Haoyi-Zhang/GDPR-Bench

Repository files navigation

GDPR Compliance Detection Benchmark

GDPR-Bench is the first benchmark for evaluating large language models (LLMs) on GDPR compliance detection in software. It comprises 545 annotated violation instances from seven open-source repositories, covering all major GDPR articles at file-, module-, and line-level granularity. The benchmark defines two tasks: (1) multi-granularity violation localization, where models identify violated articles at different code scopes using Accuracy@k metrics; and (2) snippet-level multi-label classification, where models assign all applicable GDPR articles to code fragments, evaluated by exact-match accuracy, macro-precision, macro-recall, and macro-F1. We benchmark eight state-of-the-art LLMs—including Deepseek-r1, Qwen2.5-72B, Gemini-2.5-pro (preview and experimental), Claude-3.5-Sonnet, Claude-3.7-Sonnet, GPT-4o, and O1—and find that while LLMs can pinpoint individual violations in narrow contexts, they struggle with holistic reasoning and exhaustive multi-label enumeration. GDPR-Bench and all evaluation artifacts are publicly released to foster further research in AI-driven privacy compliance.
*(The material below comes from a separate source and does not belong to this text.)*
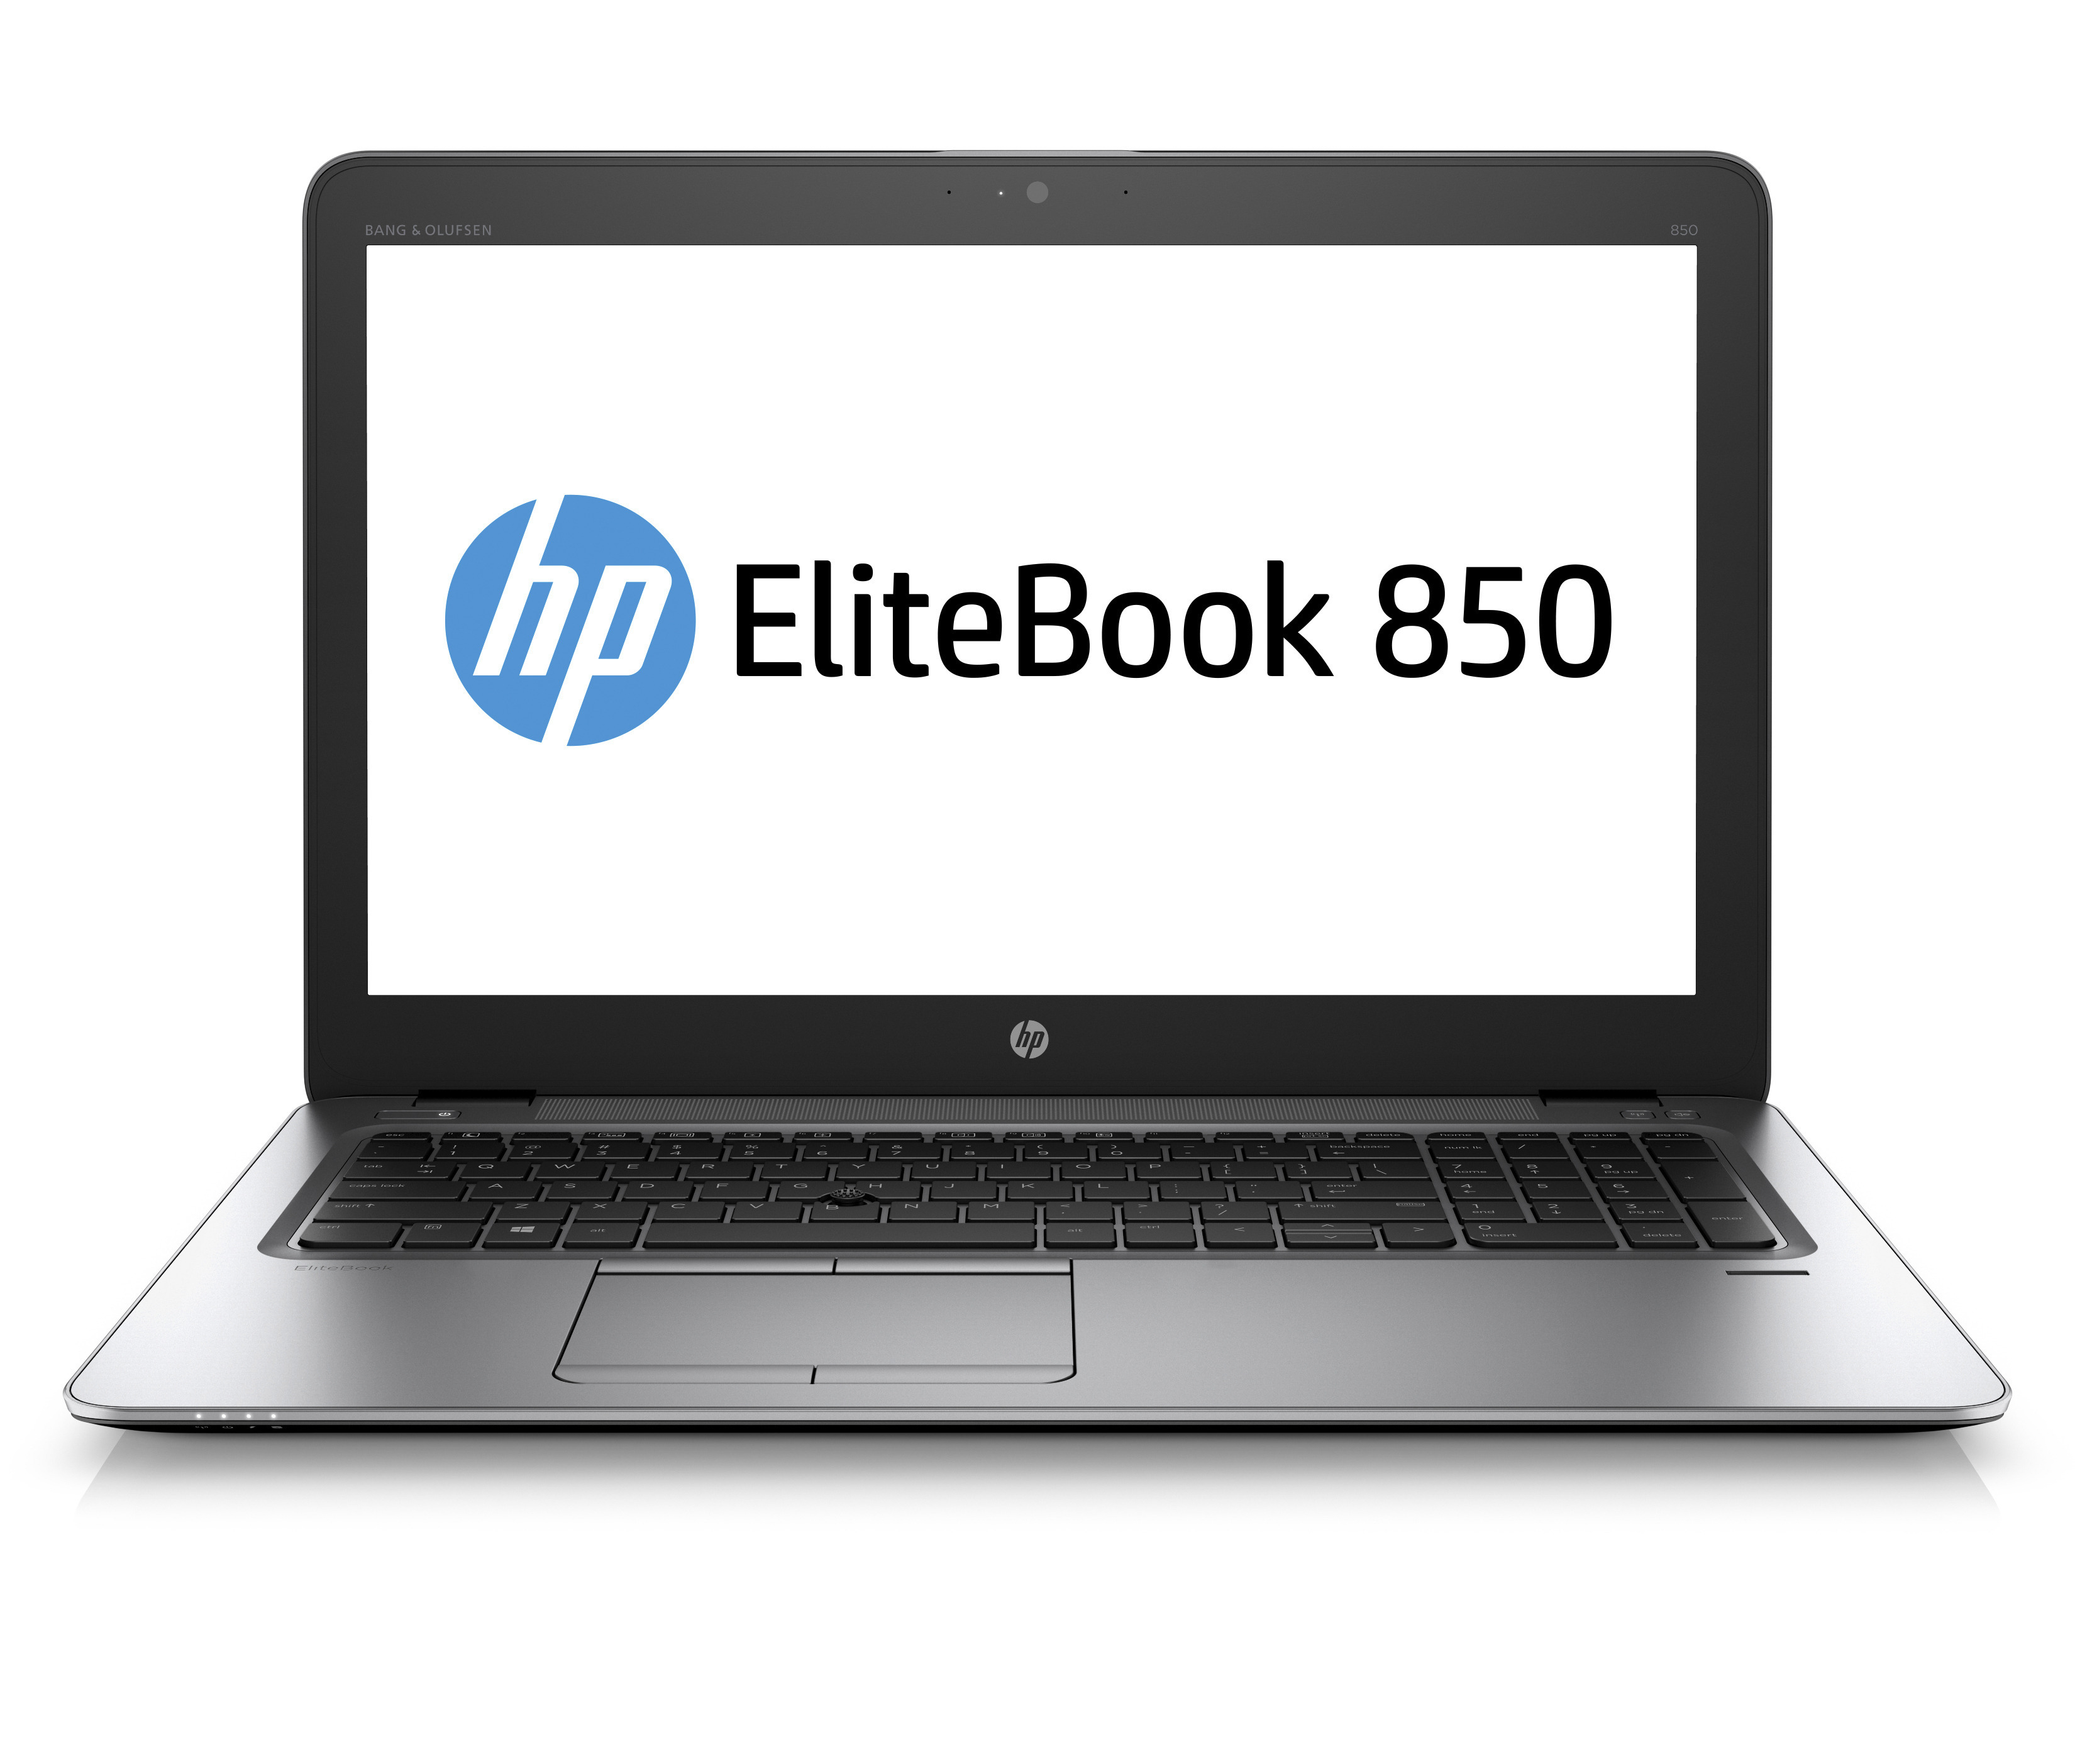 HP - PSG MOBILE (AN) ELITEBOOK 850 G3 I7-6500U 1X16G 1TB+512SSD 15.6UHD W10P         .IT V1C13EA#ABZ

This project provides a comprehensive benchmark for detecting GDPR (General Data Protection Regulation) violations in Android applications using large language models. The project includes dataset generation, multi-task evaluation, and comprehensive analysis tools.

Project Overview

GDPR-Bench evaluates the ability of large language models to detect GDPR violations in code, focusing on two main tasks:

  1. Task 1: Multi-granularity Violation Localization - Models identify violated GDPR articles at file, module, and line levels. Performance is measured using Accuracy@k metrics.
  2. Task 2: Snippet-level Multi-label Classification - Models assign all relevant GDPR articles to individual code fragments, evaluated by exact-match accuracy, macro-precision, macro-recall, and macro-F1.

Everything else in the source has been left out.